Notes on two chapters, including one by a UNL faculty (and a co-academic of the man I profiled Coming Anarchy under). While reading these articles, I was especially curious for any similarities to evolutionary psychology or to classroom democracies.

“Social communities are perhaps the only effective way in which ‘dispositions for thinking’ can be shaped.” (Bruning 1995 4)

“A community-of-learners approach to developing cognitive abilities also adds to the motivation to perform intellectually. Until very recently, research in cognitive psychology had emphasized ‘cold cognition’ — the processes of learning, comprehension, problem solving, and decision making. Newer models include not only purely cognitive processes but also motivational ones (e.g. Ames & Archer 1998, Dweck and Legget 1989, Pintrich 1990, Schallert 1991).” (Bruning 1995 5)


“Unlike the associationist-behavioral view, which focused on environmental influences on behavior or “conditions of learning. cognitive psychology seeks to understand the mind’s structures and processes (Bruning 1995 3)

“Just as there was faith in the ability to generalize from simple to complex learning, there was faith in the continuity between animals and humans — that principles derived from study of the former would contyribute to our understanding of the latter.” (Bruning 1995 5)

“This recognition has come from pedagogical trial and error than as a deducation from cognitive theory; the most successful programs for developing critical thought have been those involving social interaction.” (Bruning 1995 4)

“Large domain-specific networks of knowledge are necessary, but not sufficient, for effective problem solving. Knowledge becomes fully functional only when it is linked to actions — proceduralized — and these actions become automatic. In our college classes, we need to aim beyond simply imparting knowledge. Teachers need to help students discuss and clarify meaningful information, critique their own and others’ thinking, and express their thoughts in letters and papers.” (Bruning 1995 8)

“Schemata are hypothesized mental frameworks that give organization to incoming information, that guide attention and perception, and that limit or enhance the leaner’s ability to understand information.” (Bruning 1995 8)

“Rumelhart (1991) has outlined several features of schemata. First, schemata can contain a wide variety of information, from simple to highly complex. Second, the information in schemata is organized in hierarchical fashion. Third, schemata drive the interpretations that individuals make of their experiences. And fourth, schemata contain slots, some of which have fixed values and some of which have optional values,” (Bruning 1995 8)

“In a prototype of empirical research that used the framework of schema theory, Pichert and Anderson (1977) had individuals read a description of a house from either the perspective of a prospective home buyer or a burglar.” (Bruning 1995 9)

“No general problem-solving approach, no matter how potent, appears to be able to substitute for specific knowledge about the topic in question — that is, for so-called domain-specific knowledge.” (Bruning 1995 9)

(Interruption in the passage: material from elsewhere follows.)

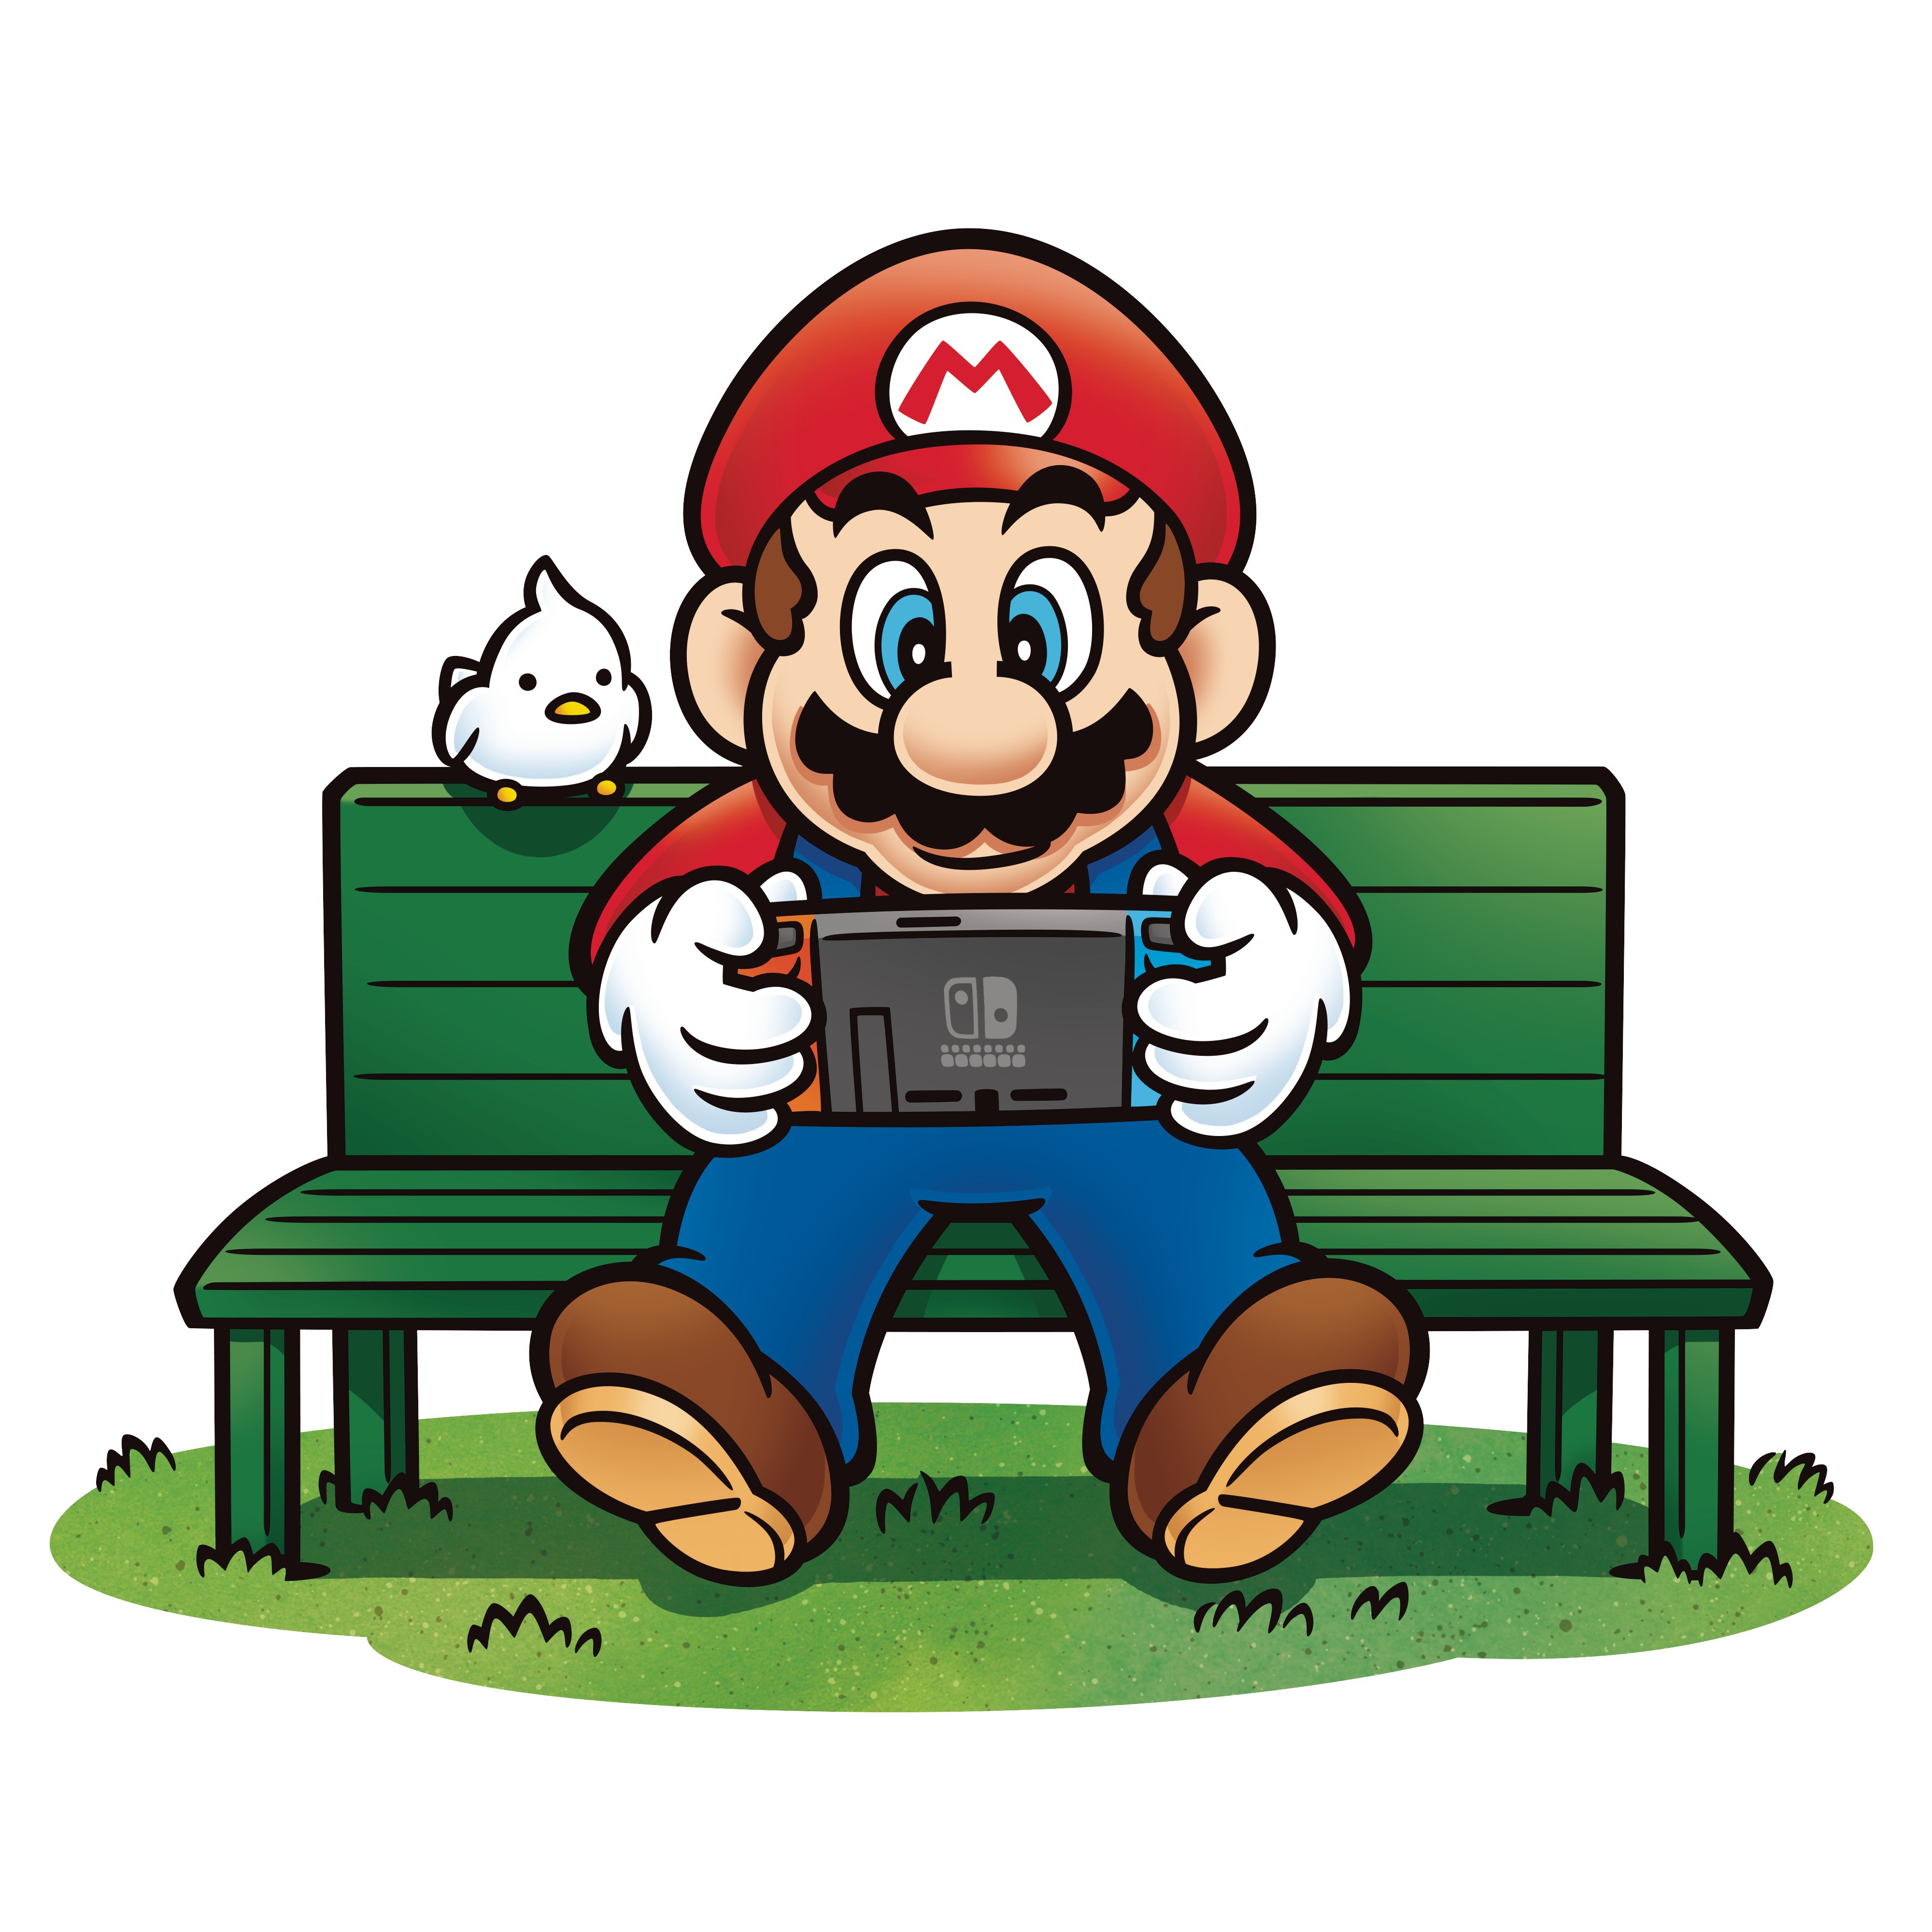 download super mario deluxe switch for free
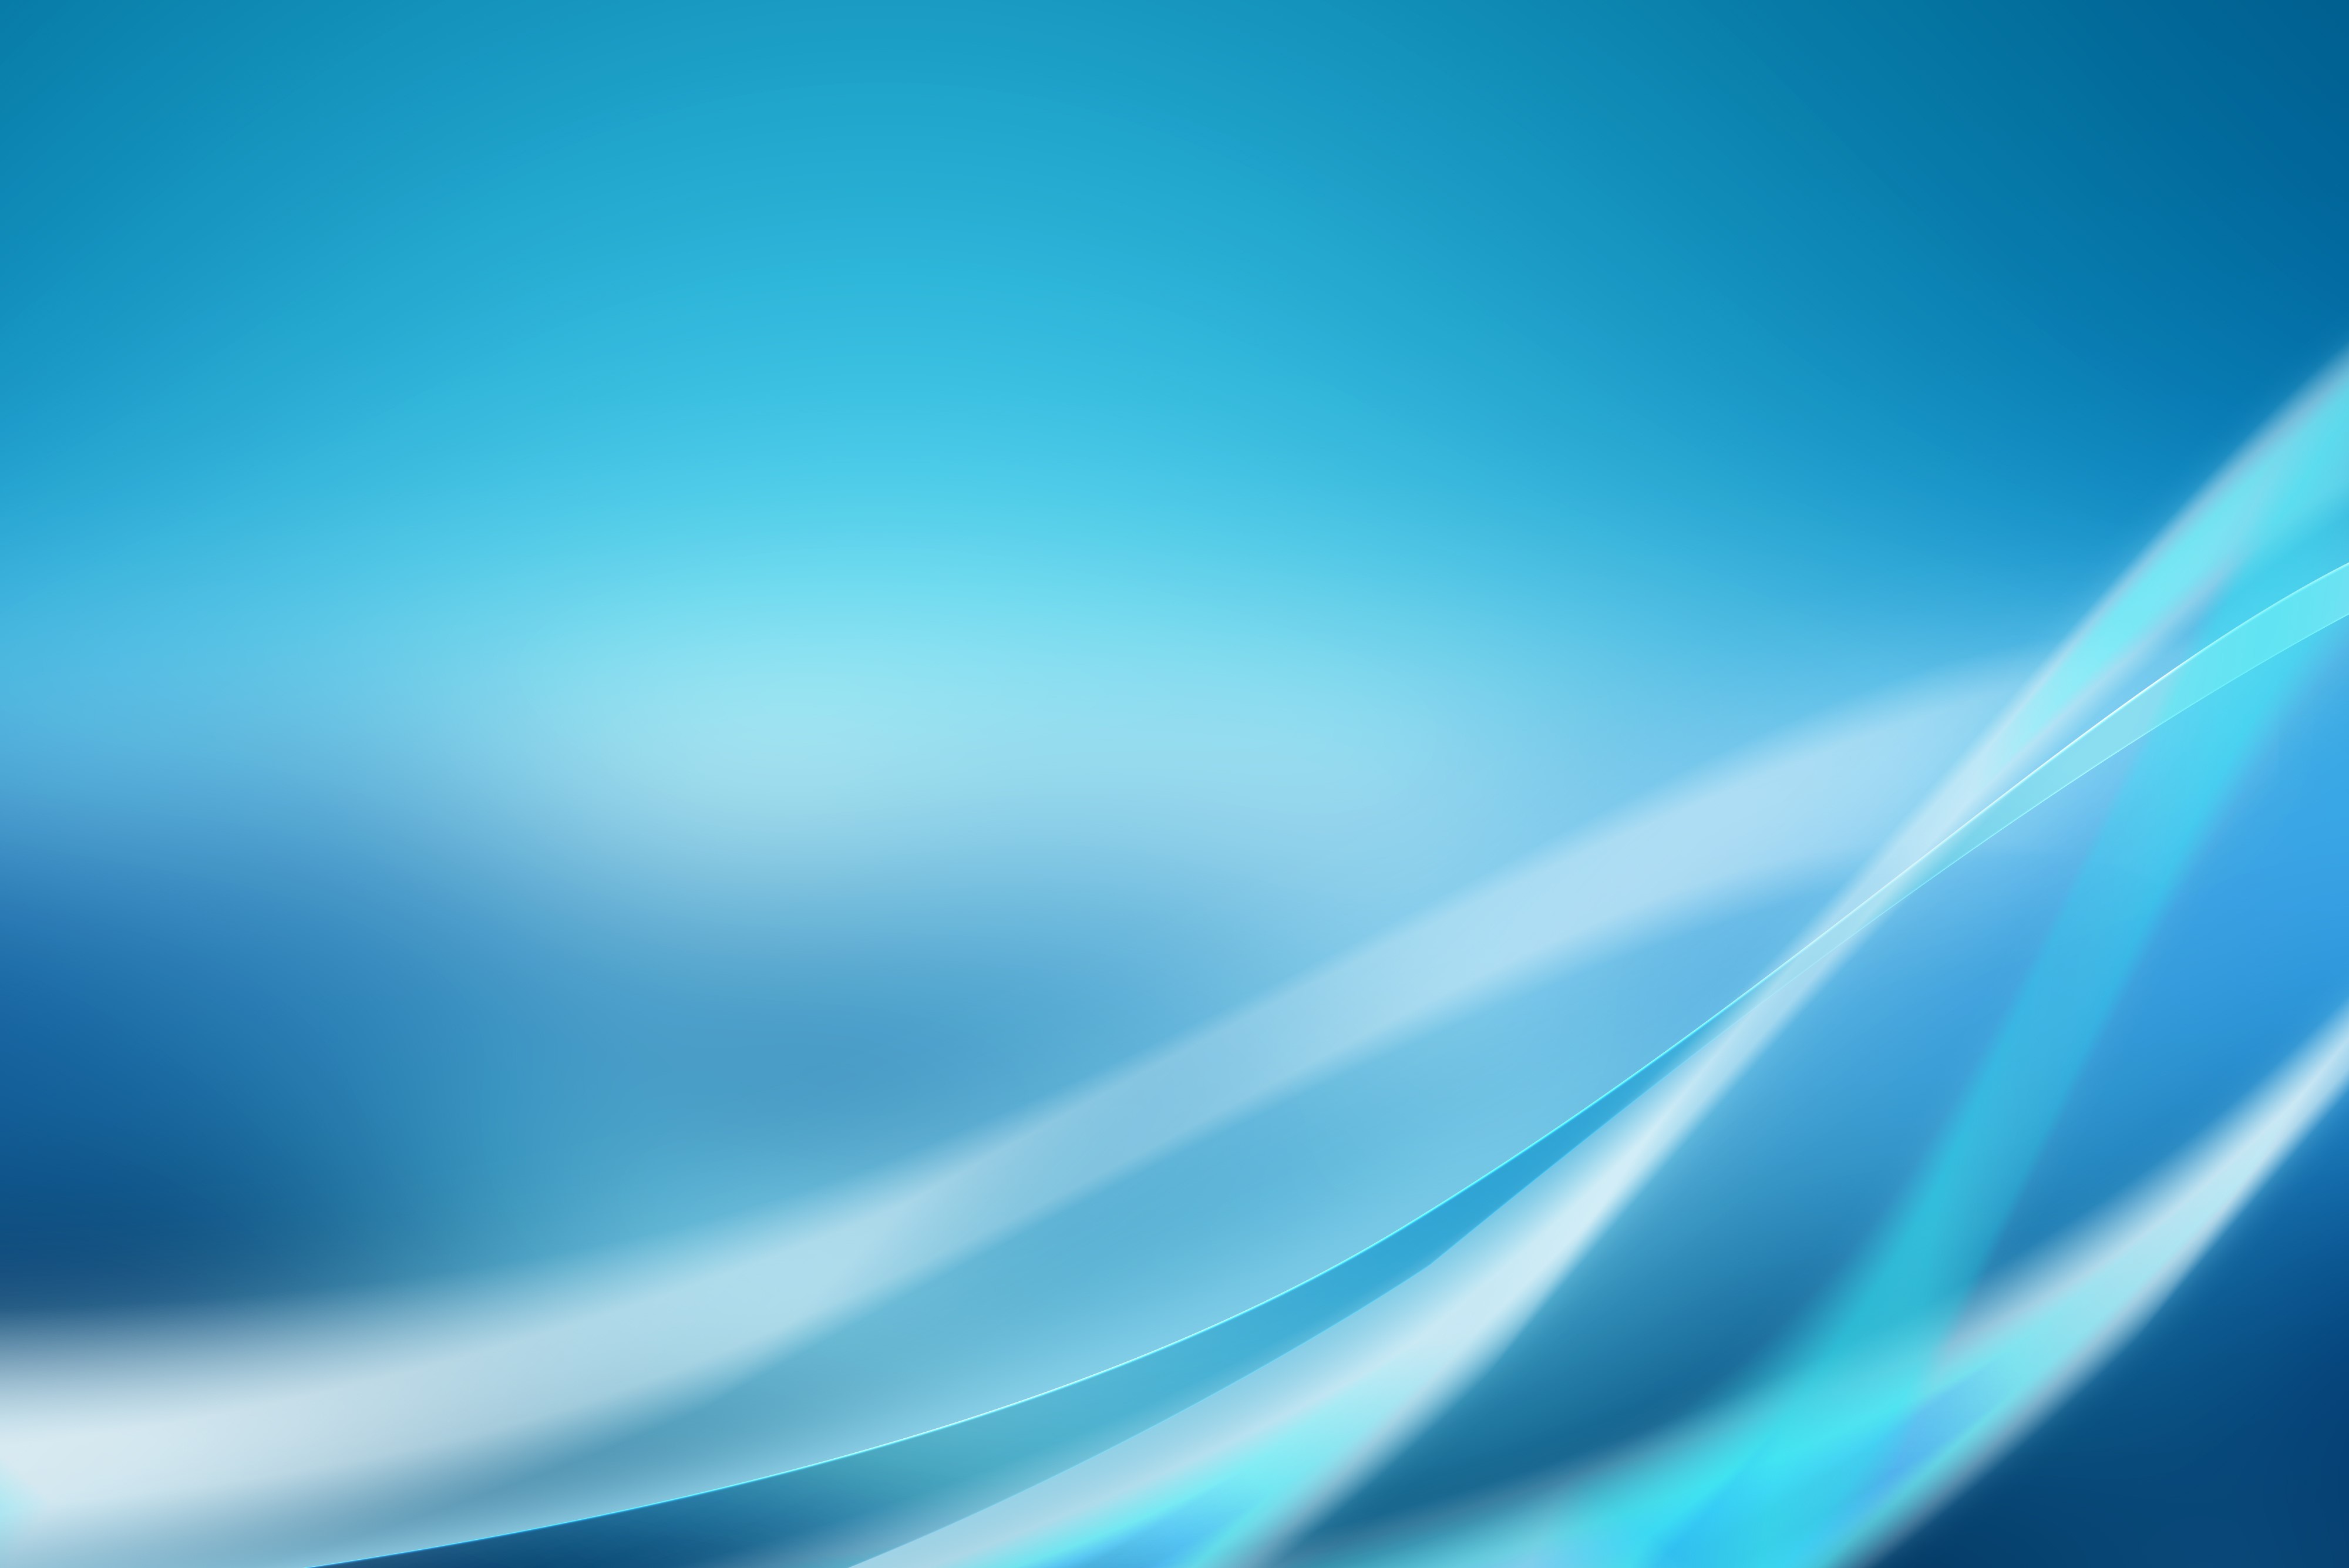 Abstract blue background with soft curves | Sciarabba Walker & Co., LLP

“Domain knowledge often is further grouped into two subcategories: declarative knowledge (knowledge of the semantic information about the domain, or “knowledge of what”) and procedural knowledge (knowledge that links declarative knowledge to specific performances of domain-related tasks, or “knowledge of how” — the ability to turn declarative facts and concepts into action).” (Bruning 1995 10)

“On the other hand, cognitive research has made it clear that our cognitive systems have severe limitations. Humans can basically pay attention to only one thing at a time.” (Bruning 1995 10)

“We interact with the world in a very flexible, adaptive way, not on the basis of inflexible, computer-like algorithms. Our cognitive system, we find, is at its best in helping us adapt to a world in which information often is imprecise, sometimes even conflicting.” (Bruning 1995 2-3)

“Using cooperative learning and shared work may require a fair degree of readjustment in our thinking; college teachers have traditionally honored individual achievement, and individual achievement only. However, many cognitive processes — such as thinking strategically, giving reasons, clearly expressing ideas and justifying them, and writing and speaking effectively — can only develop in a social context, in a community of learners that applies community-process criteria.” (Bruning 1995 19)

“Educational research has yet to substantiate which specific types of direct critical thinking methods are most effective for college students.” (Reiter 276)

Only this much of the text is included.